Book a call →Frequently asked questions
What counts as a test automation software tool, versus a SaaS platform with a CLI?
A software tool runs on your machine, stores artifacts on your filesystem, and keeps working if the vendor's website is down. A SaaS platform runs tests in the vendor's cloud, stores traces in the vendor's database, and stops producing usable output the moment billing lapses. Most roundups mix the two under a single label because both are sold as 'tools for test automation.' The practical test: delete the vendor's dashboard URL from your browser history and cancel the account. If you still have every past test run, plan text, video, and assertion log on disk, it was software. If the test history is gone, it was a dashboard. Assrt is the first: every scenario is a Markdown file, every run is a directory under /tmp/assrt/, and the video player is a standalone HTML file that works on any localhost server.

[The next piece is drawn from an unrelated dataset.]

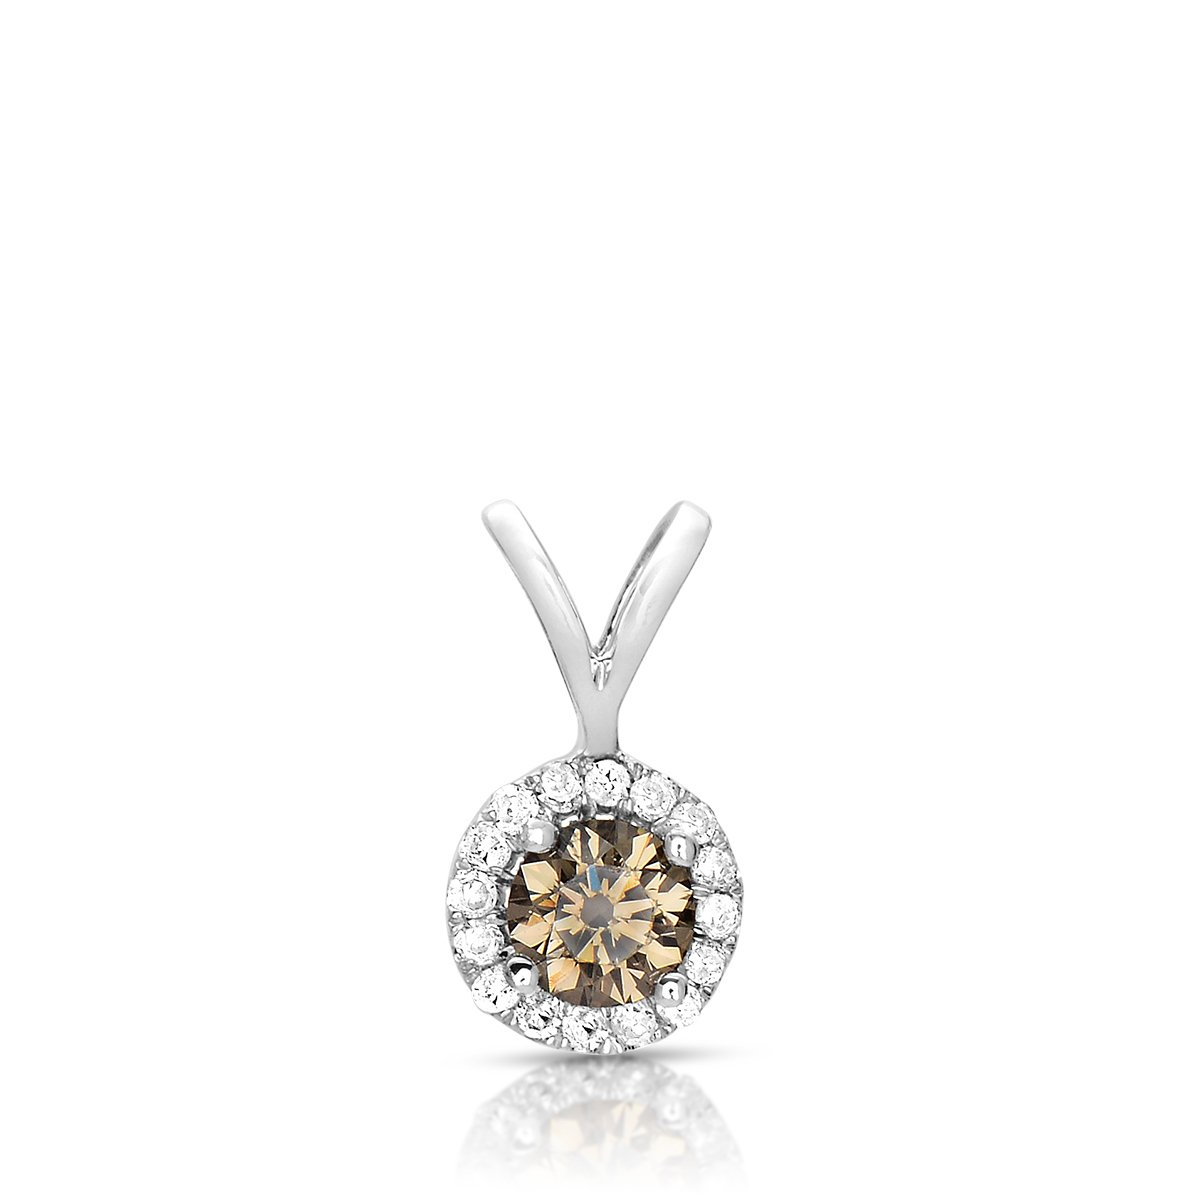 1 ct Chocolate Brown Diamond Halo 14k White Gold Pendant Necklace Set (K1295-100WBR)

Exactly what files end up on disk after one assrt run?
One call to assrt_test creates /tmp/assrt/<runId>/ and writes four things into it: screenshots/NN_stepN_<action>.png (one PNG per turn, zero-padded filename so ls sorts them in order), video/recording.webm (the full Playwright video for the session), execution.log (the human-readable event stream), events.json (the same events in parsed form), and player.html (a self-contained video player with timeline markers, generated fresh each run). At the parent level, /tmp/assrt/scenario.md is the test plan, /tmp/assrt/scenario.json is its metadata, /tmp/assrt/results/latest.json is the last verdict, and /tmp/assrt/results/<runId>.json is the verdict for every historical run. Tar the /tmp/assrt directory and you have a portable artifact nobody else is holding a copy of.
Why zero-padded screenshot filenames? Is that a small detail?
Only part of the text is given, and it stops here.